**TRY IT:** All lines at and after the one containing "hairstyle promakeupbynatasha.jpg", up to the end of the listing below, are to be printed exactly, with the pictures omitted.

**INFORMATION SUPPLIED:**
□ □ □ □ □ □ □

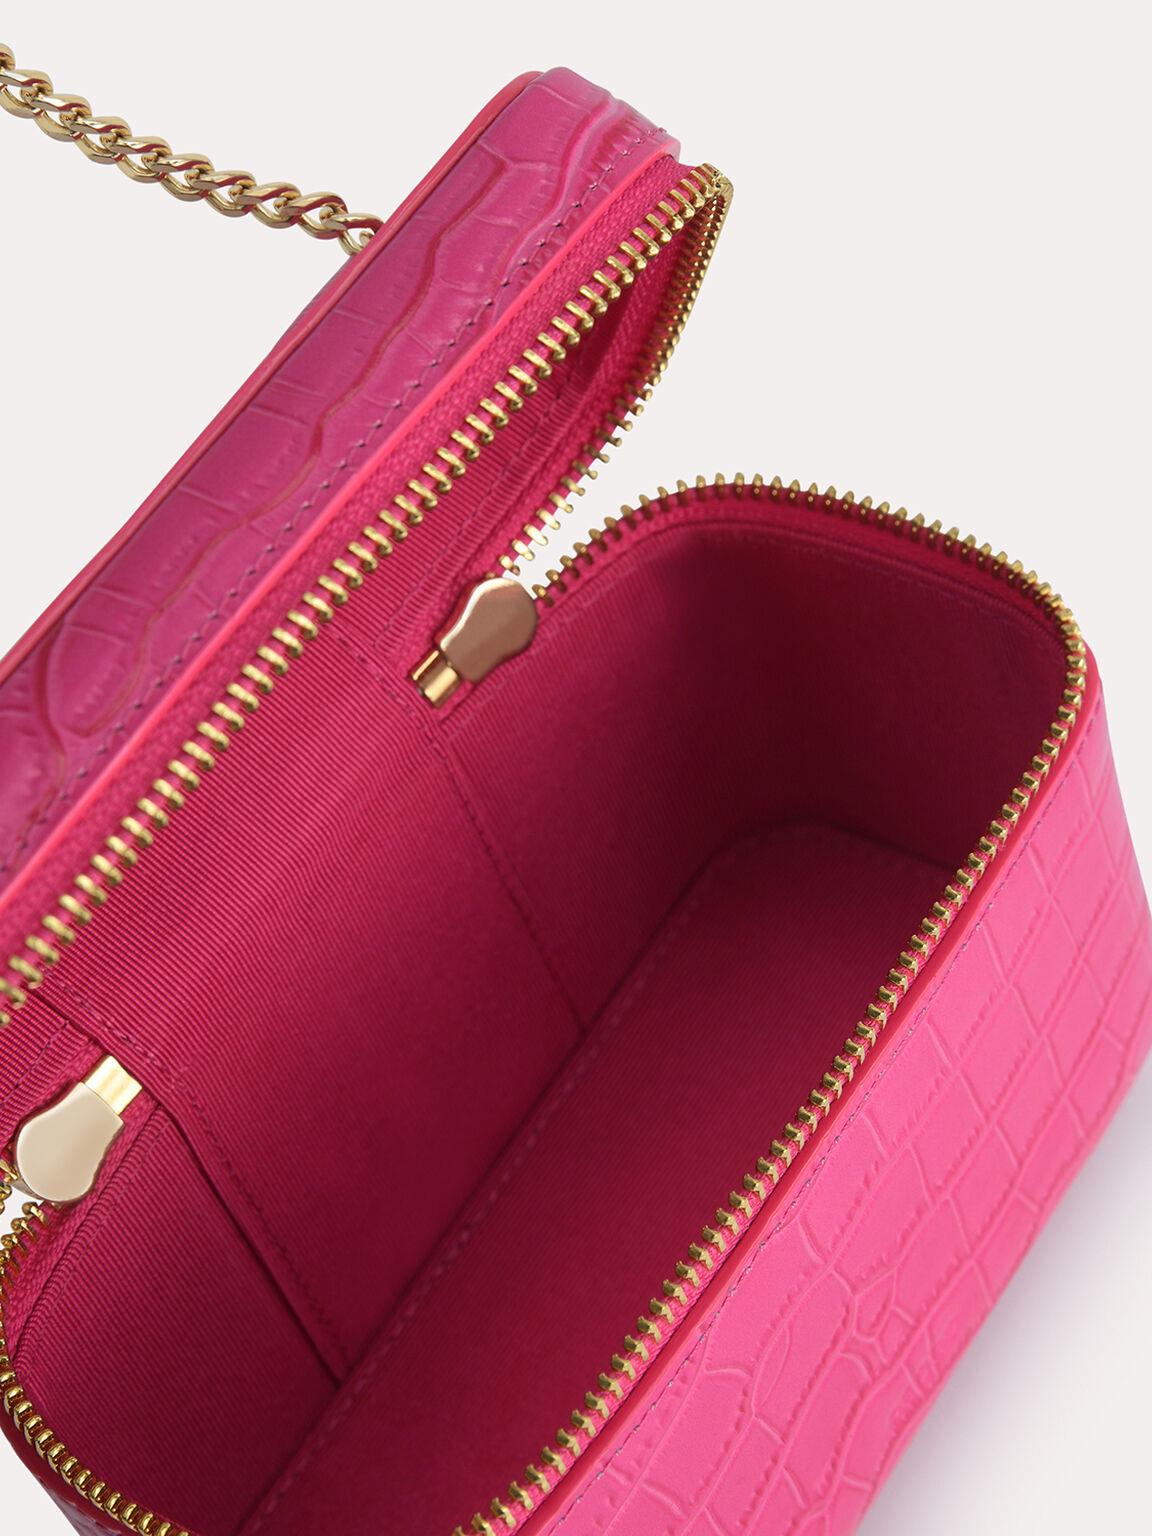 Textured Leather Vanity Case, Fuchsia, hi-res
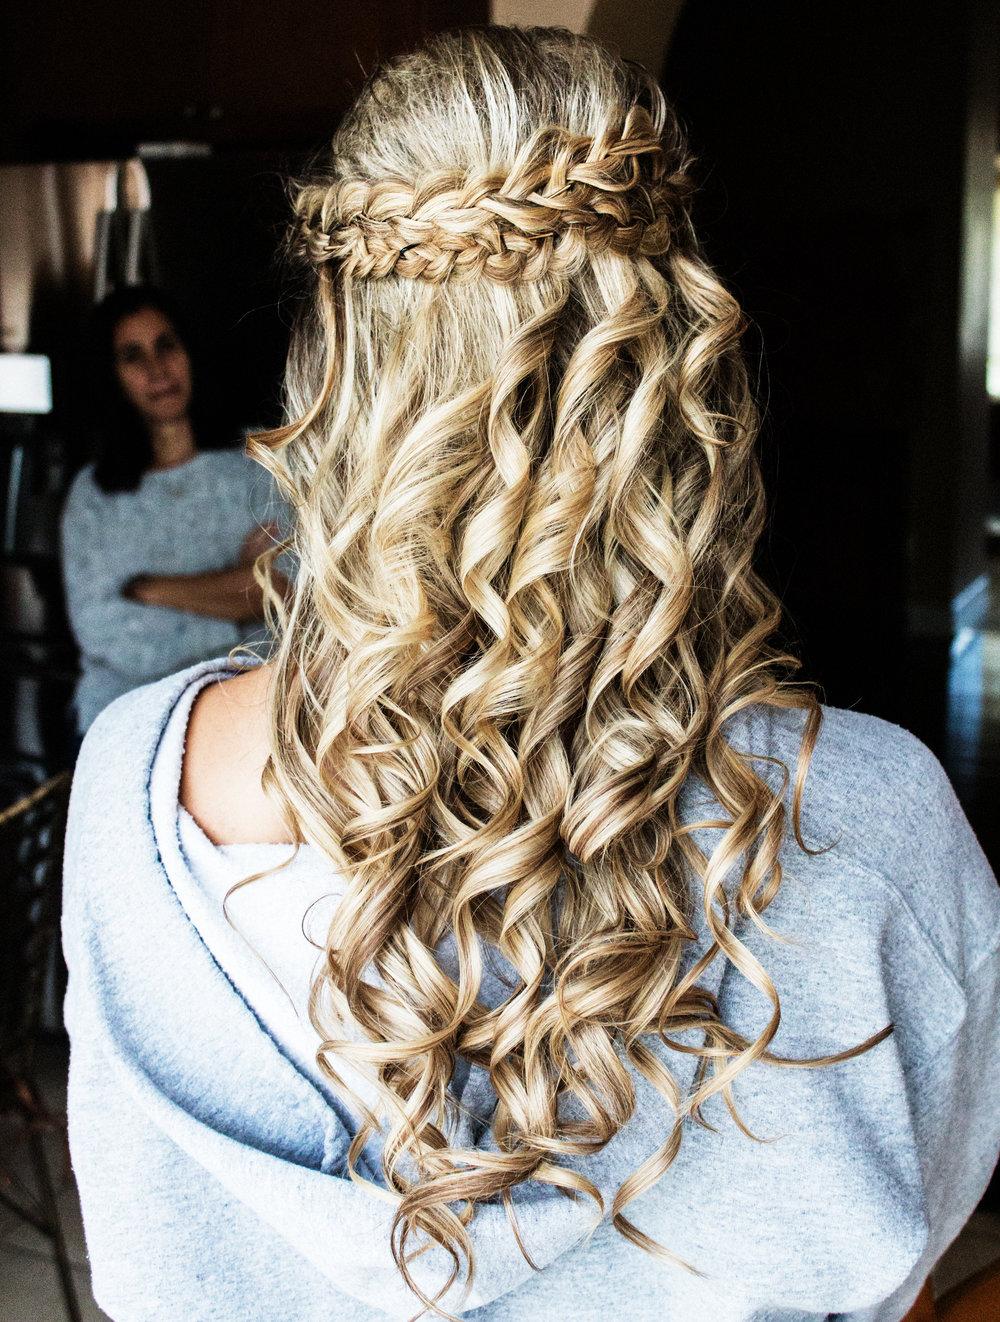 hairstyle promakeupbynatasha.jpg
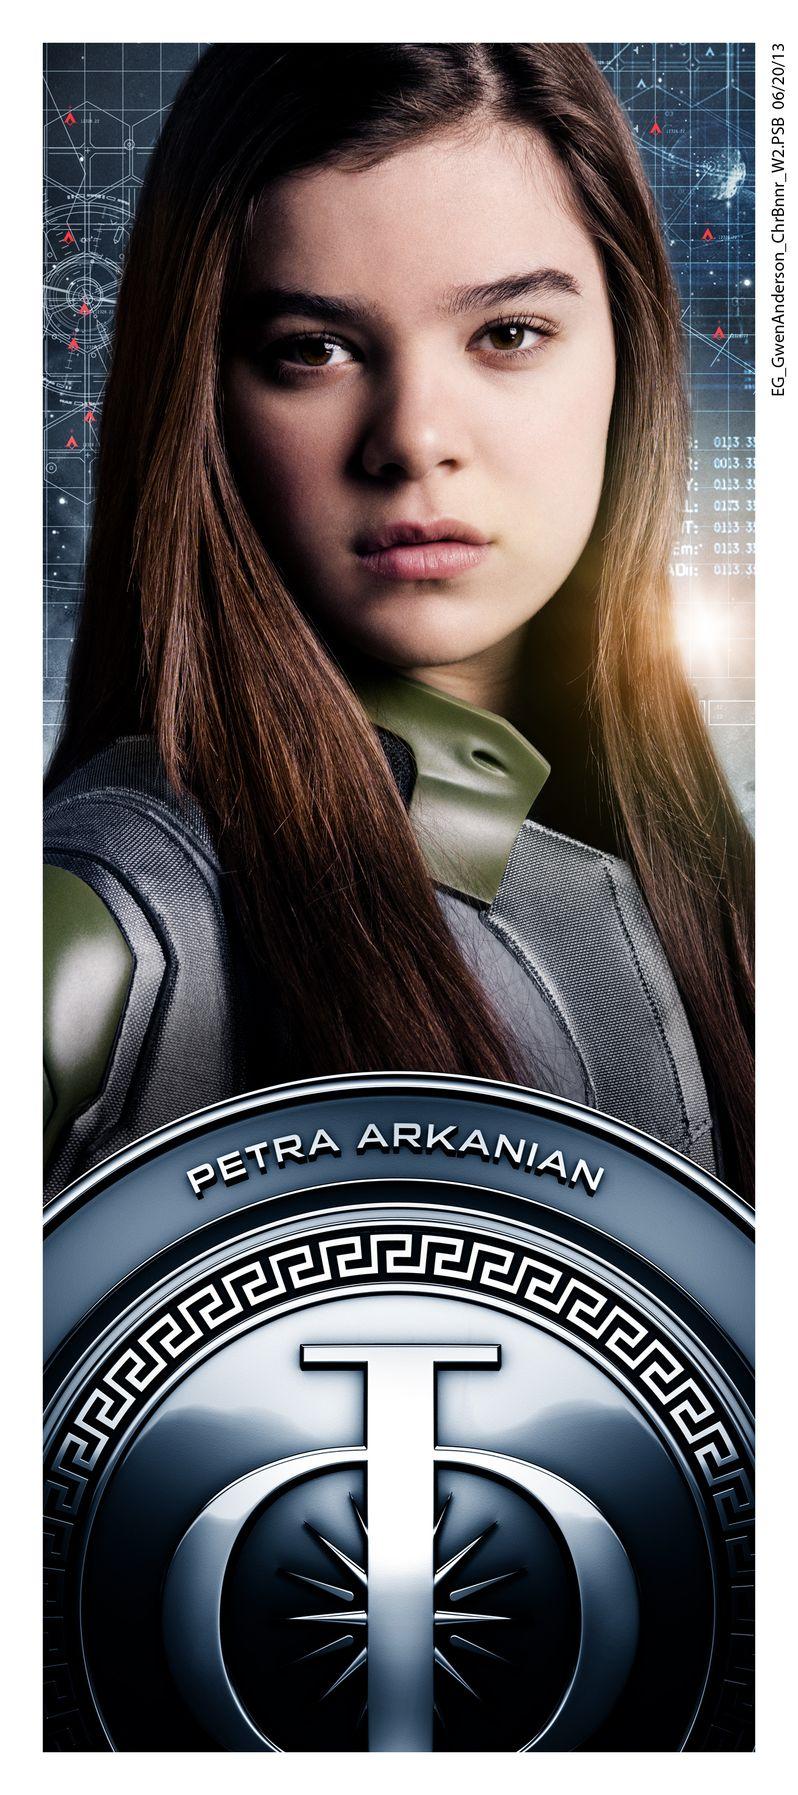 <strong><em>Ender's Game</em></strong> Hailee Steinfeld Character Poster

□ □ □ □ □ □ □

**SOLUTION:**
 hairstyle promakeupbynatasha.jpg
 <strong><em>Ender's Game</em></strong> Hailee Steinfeld Character Poster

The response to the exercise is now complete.